Scene detection is a fundamental tool for allowing effective video browsing and re-using. In this paper we present a model that automatically divides videos into coherent scenes, which is based on a novel combination of local image descriptors and temporal clustering techniques. Experiments are performed to demonstrate the effectiveness of our approach, by comparing our algorithm against two recent proposals for automatic scene segmentation. We also propose improved performance measures that aim to reduce the gap between numerical evaluation and expected results.


2015 - Shot and Scene Detection via Hierarchical Clustering for Re-using Broadcast Video [Relazione in Atti di Convegno]
Baraldi, Lorenzo; Grana, Costantino; Cucchiara, Rita
abstract

Video decomposition techniques are fundamental tools for allowing effective video browsing and re-using. In this work, we consider the problem of segmenting broadcast videos into coherent scenes, and propose a scene detection algorithm based on hierarchical clustering, along with a very fast state-of-the-art shot segmentation approach. Experiments are performed to demonstrate the effectiveness of our algorithms, by comparing against recent proposals for automatic shot and scene segmentation.


2014 - Gesture Recognition in Ego-Centric Videos using Dense Trajectories and Hand Segmentation [Relazione in Atti di Convegno]
Baraldi, Lorenzo; Paci, Francesco; Serra, Giuseppe; Benini, Luca; Cucchiara, Rita
abstract

We present a novel method for monocular hand gesture recognition in ego-vision scenarios that deals with static and dynamic gestures and can achieve high accuracy results using a few positive samples. Specifically, we use and extend the dense trajectories approach that has been successfully introduced for action recognition. Dense features are extracted around regions selected by a new hand segmentation technique that integrates superpixel classification, temporal and spatial coherence. We extensively testour gesture recognition and segmentation algorithms on public datasets and propose a new dataset shot with a wearable camera. In addition, we demonstrate that our solution can work in near real-time on a wearable device.


2013 - Hand Segmentation for Gesture Recognition in EGO-Vision [Relazione in Atti di Convegno]
Serra, Giuseppe; Camurri, Marco; Baraldi, Lorenzo; Michela, Benedetti; Cucchiara, Rita
abstract

Portable devices for first-person camera views will play a central role in future interactive systems. One necessary step for feasible human-computer guided activities is gesture recognition, preceded by a reliable hand segmentation from egocentric vision. In this work we provide a novel hand segmentation algorithm based on Random Forest superpixel classification that integrates light, time and space consistency.
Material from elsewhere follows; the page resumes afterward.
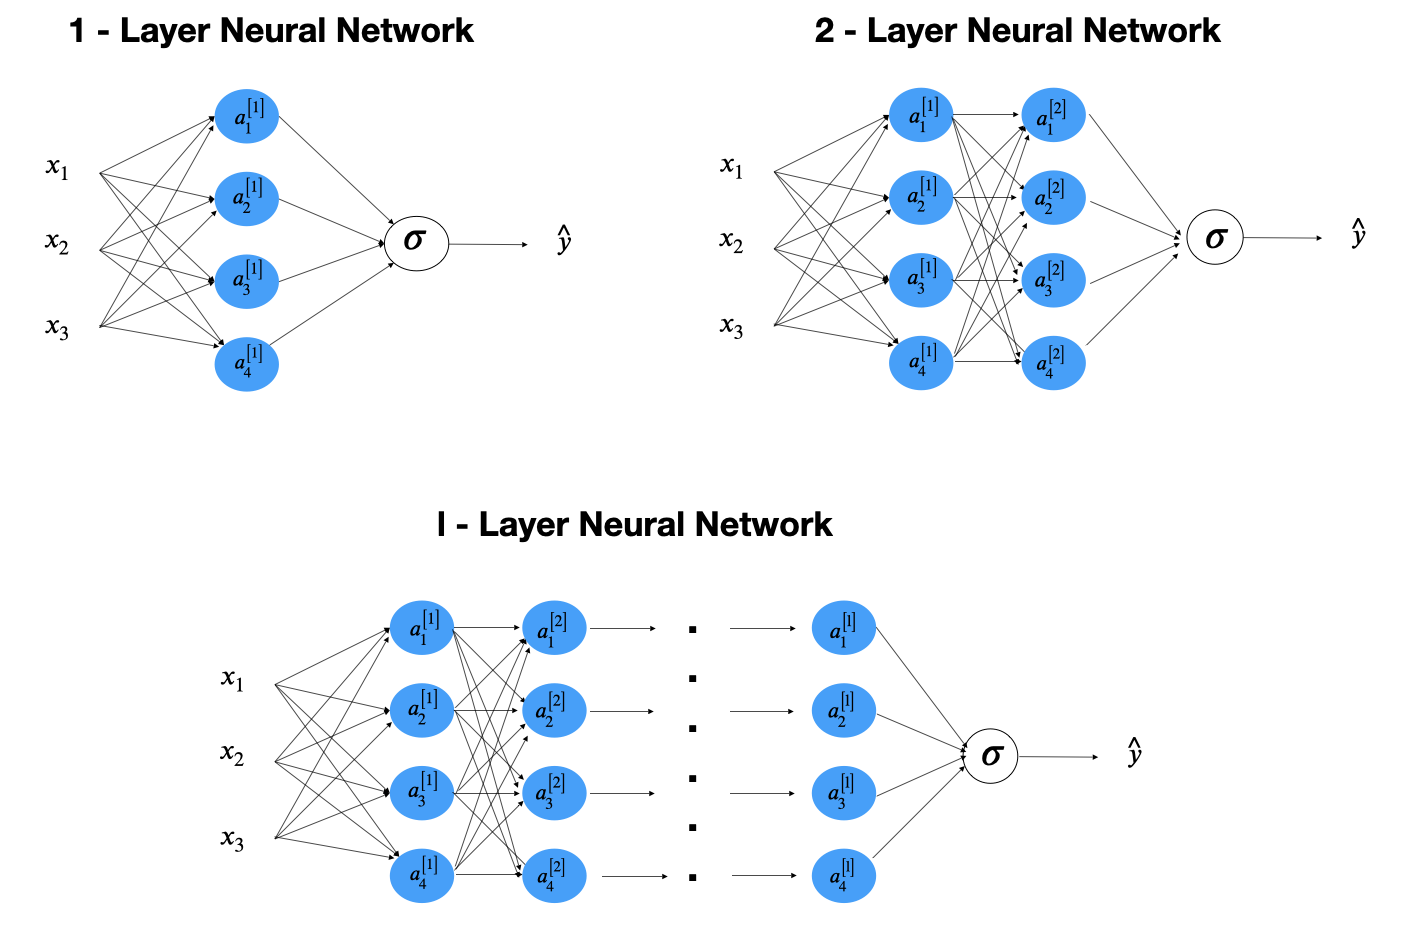 Feedforward Neural Network

We also propose a gesture recognition method based Exemplar SVMs since it requires a only small set of positive samples, hence it is well suitable for the egocentric video applications. Furthermore, this method is enhanced by using segmented images instead of full frames during test phase. Experimental results show that our hand segmentation algorithm outperforms the state-of-the-art approaches and improves the gesture recognition accuracy on both the publicly available EDSH dataset and our dataset designed for cultural heritage applications.